▶ _The problem_: Every line of the data below is to be duplicated exactly, pictures excepted.

▶ _Data excerpt_:
★ ★ ★ ★ ★

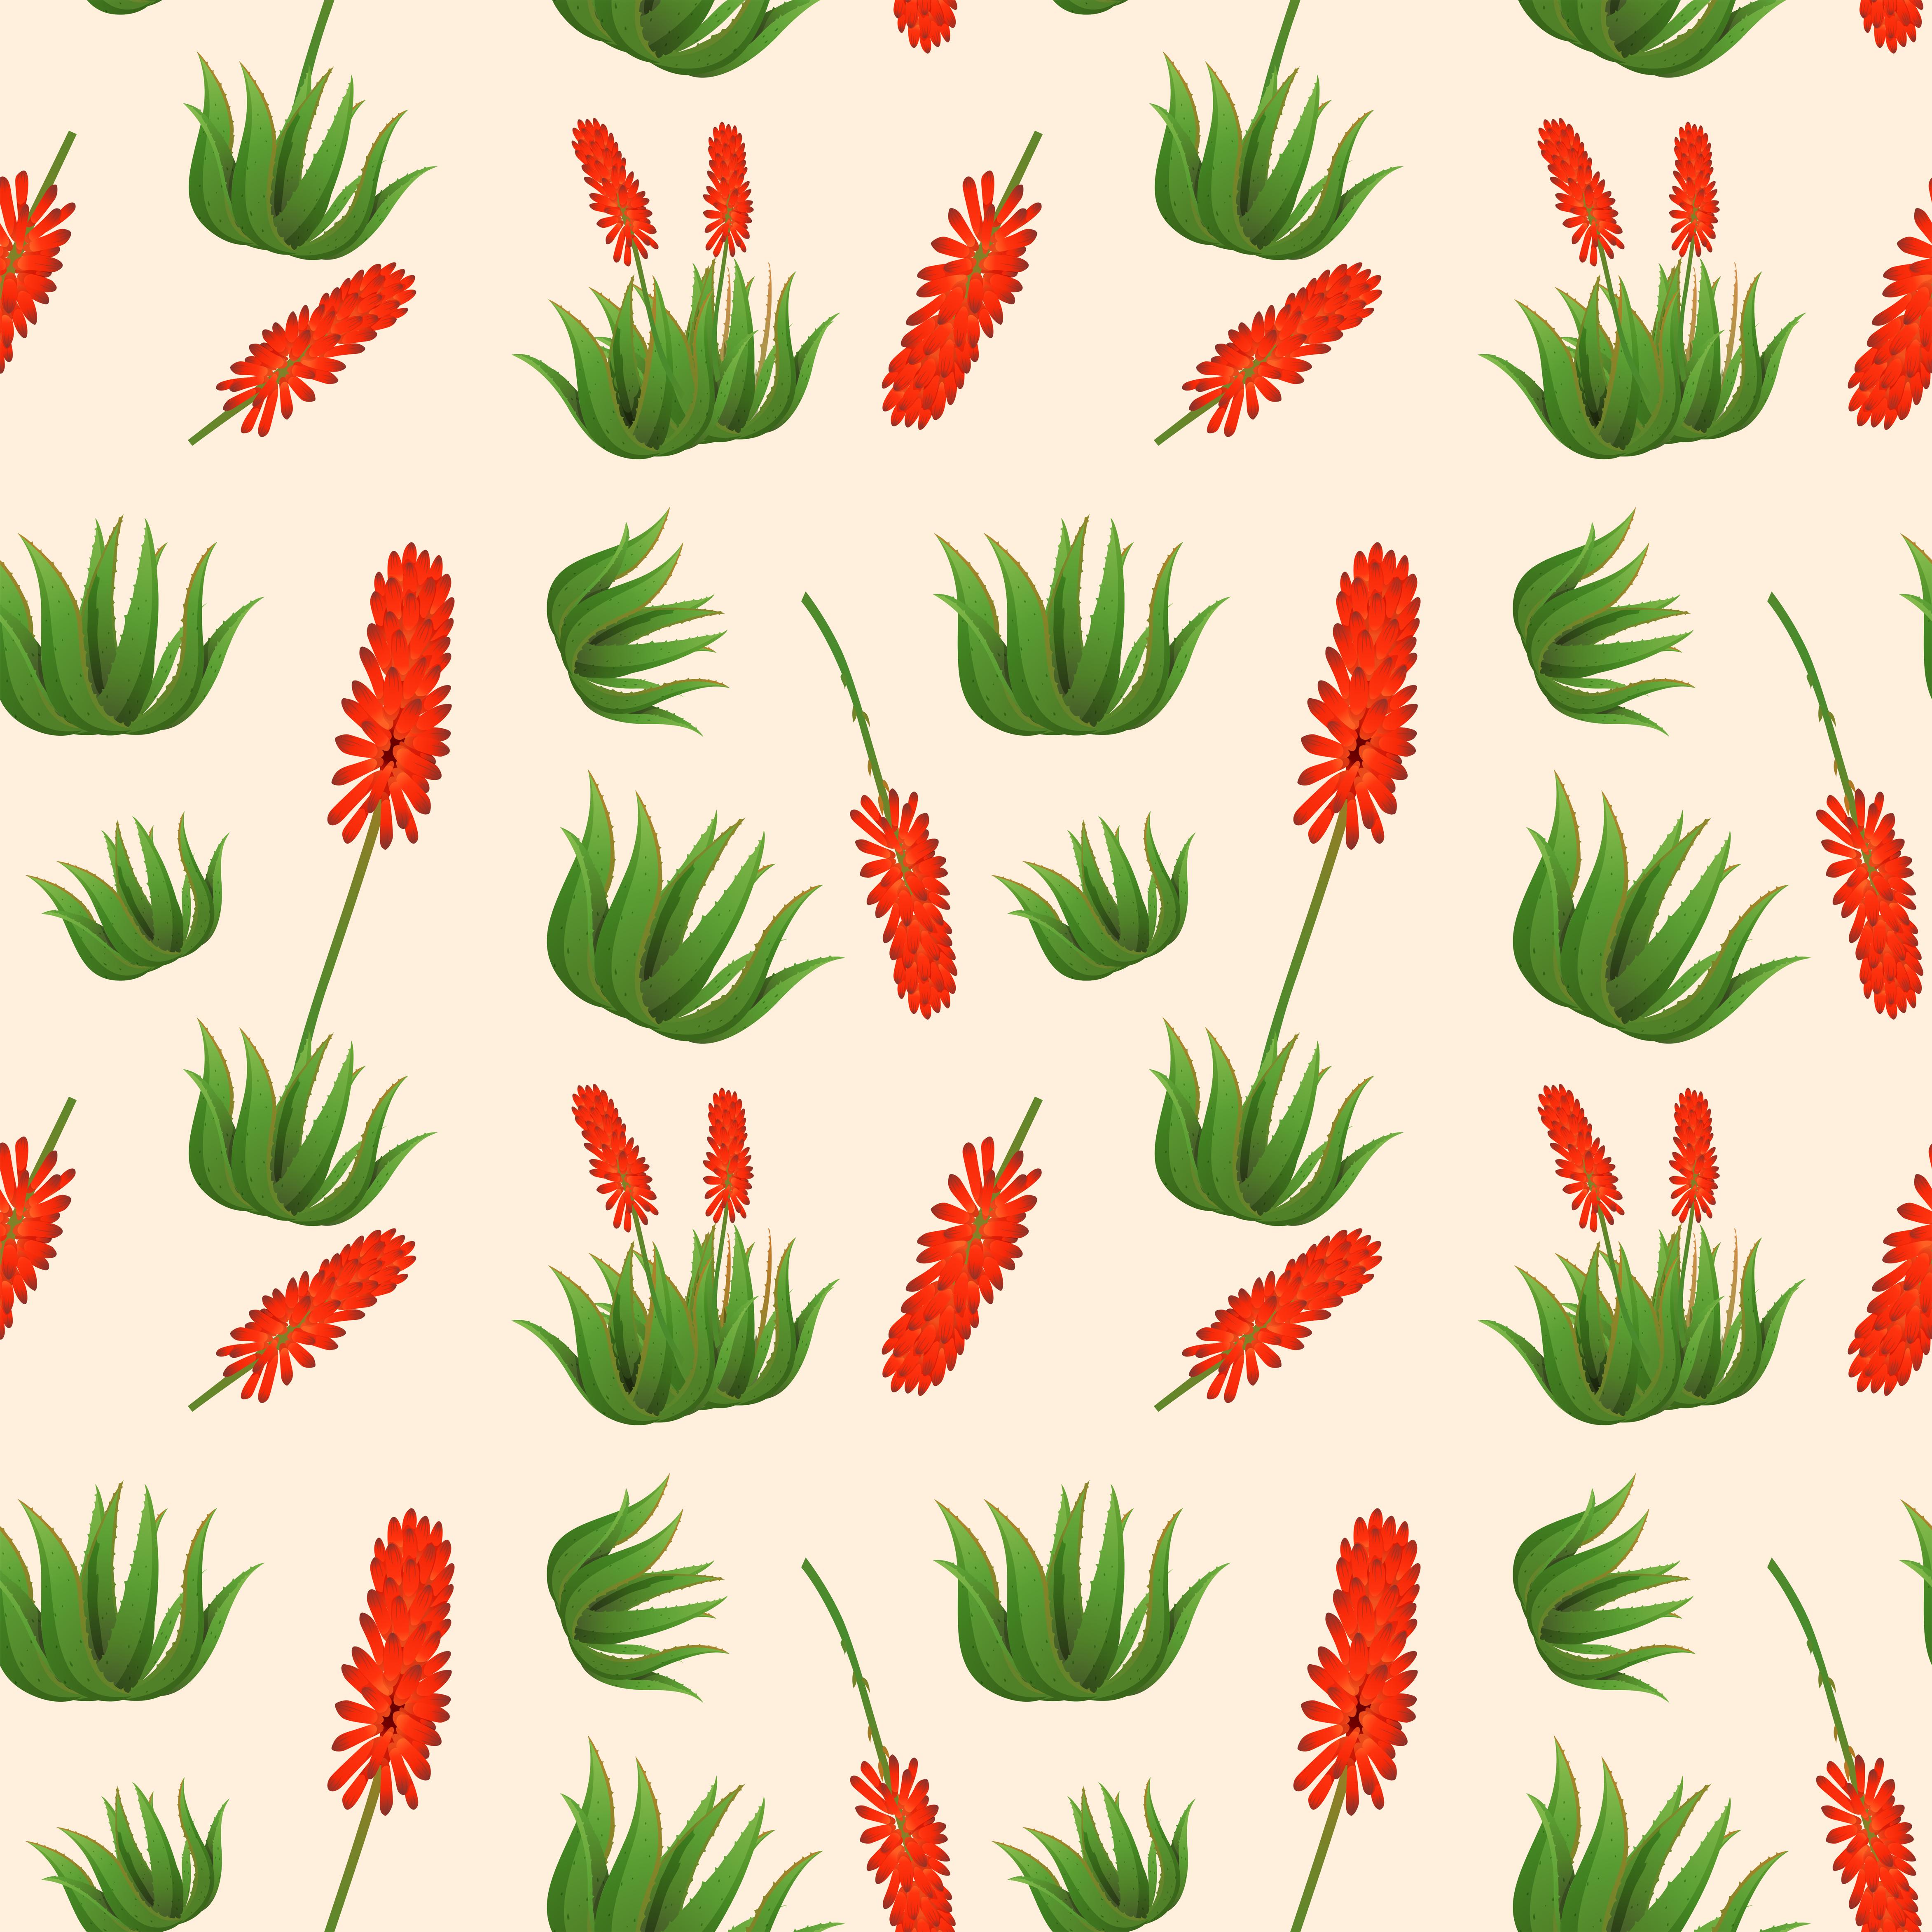 Aloe Vera Flower Seamless Pattern Download Free Vectors Clipart Graphics Amp Vector Art
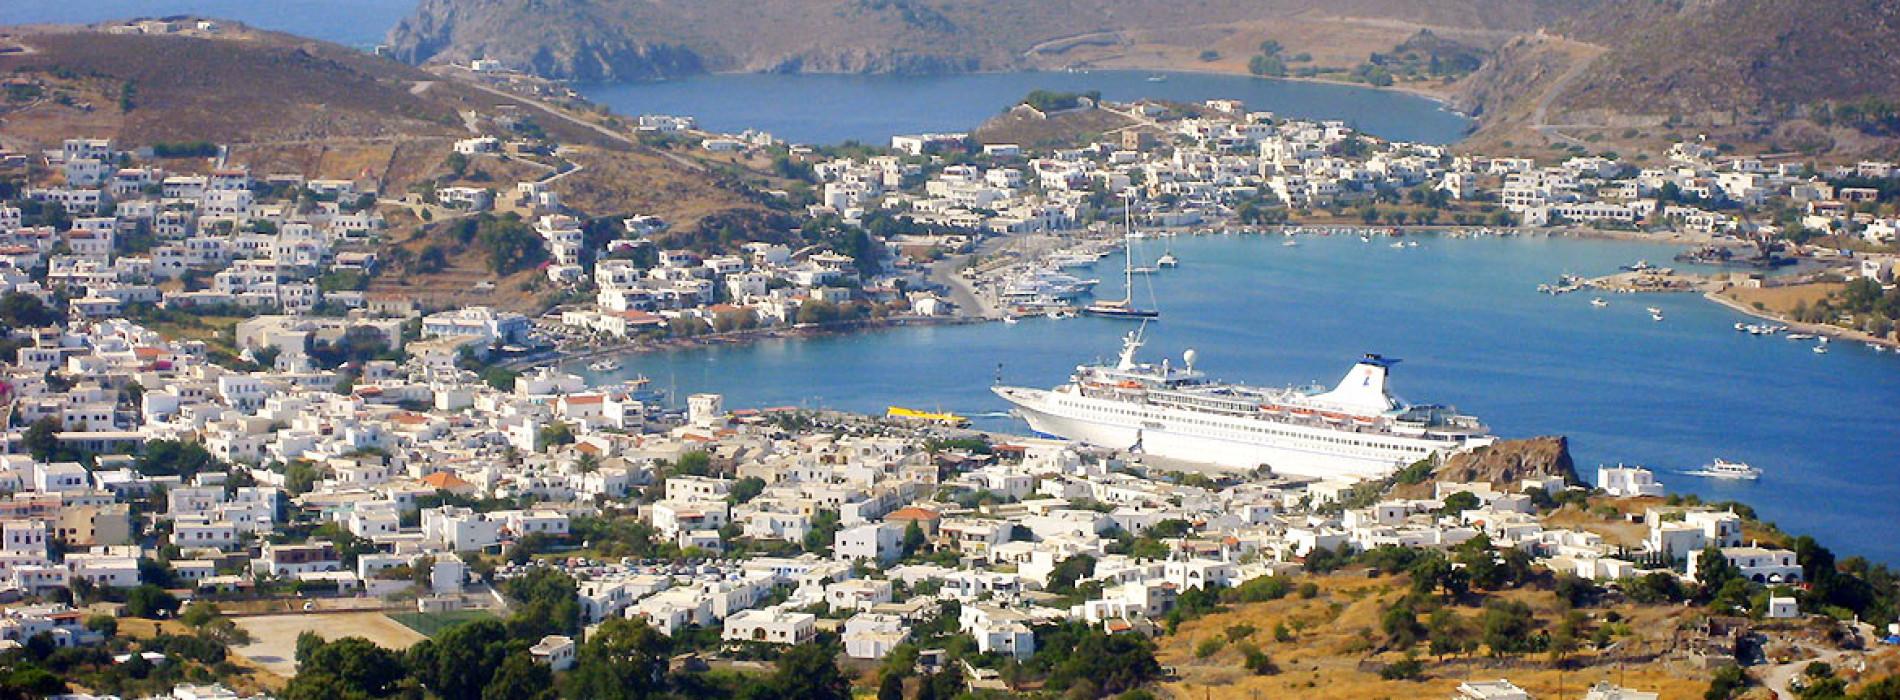 Port of Skala – Life center of the island
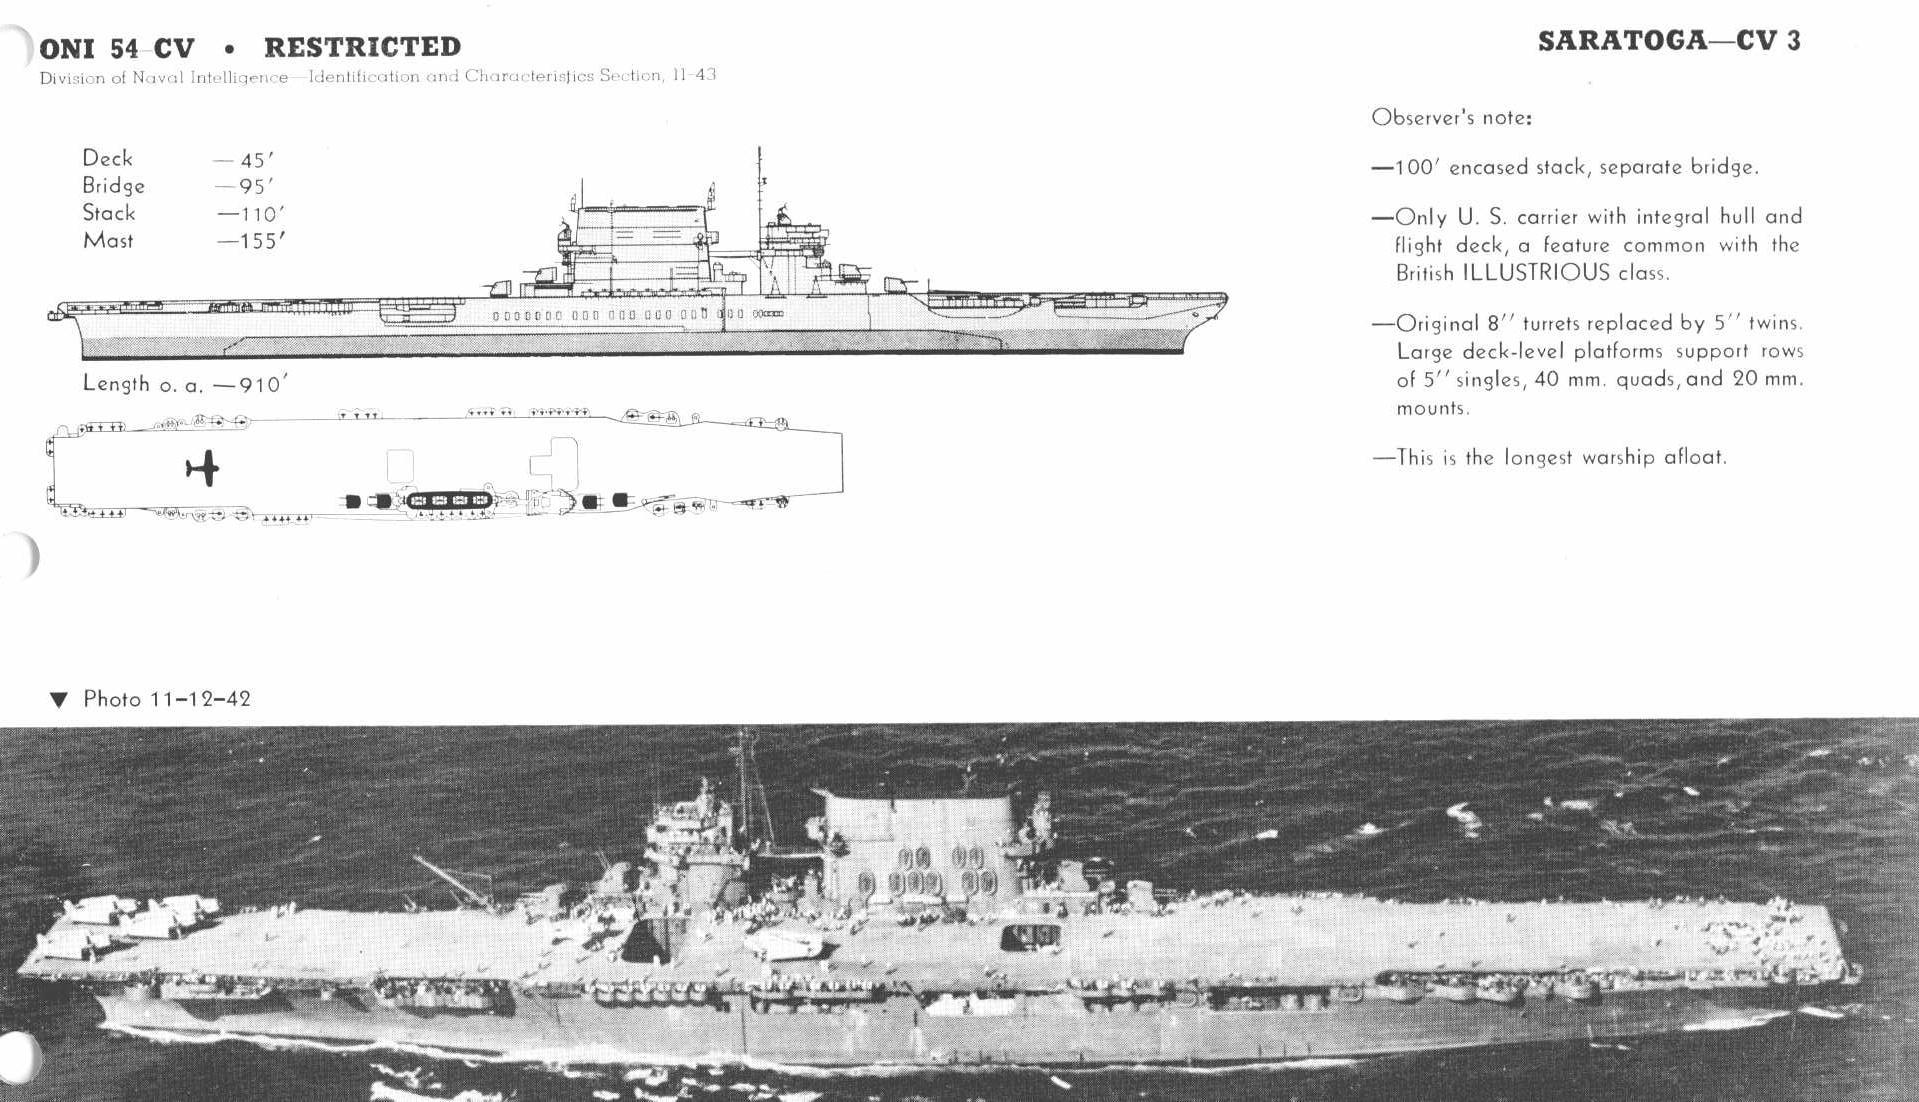 hight resolution of saratoga and lexington class fleet carriers

★ ★ ★ ★ ★

▶ _Exercise answer_:
 Aloe Vera Flower Seamless Pattern Download Free Vectors Clipart Graphics Amp Vector Art
 Port of Skala – Life center of the island
 hight resolution of saratoga and lexington class fleet carriers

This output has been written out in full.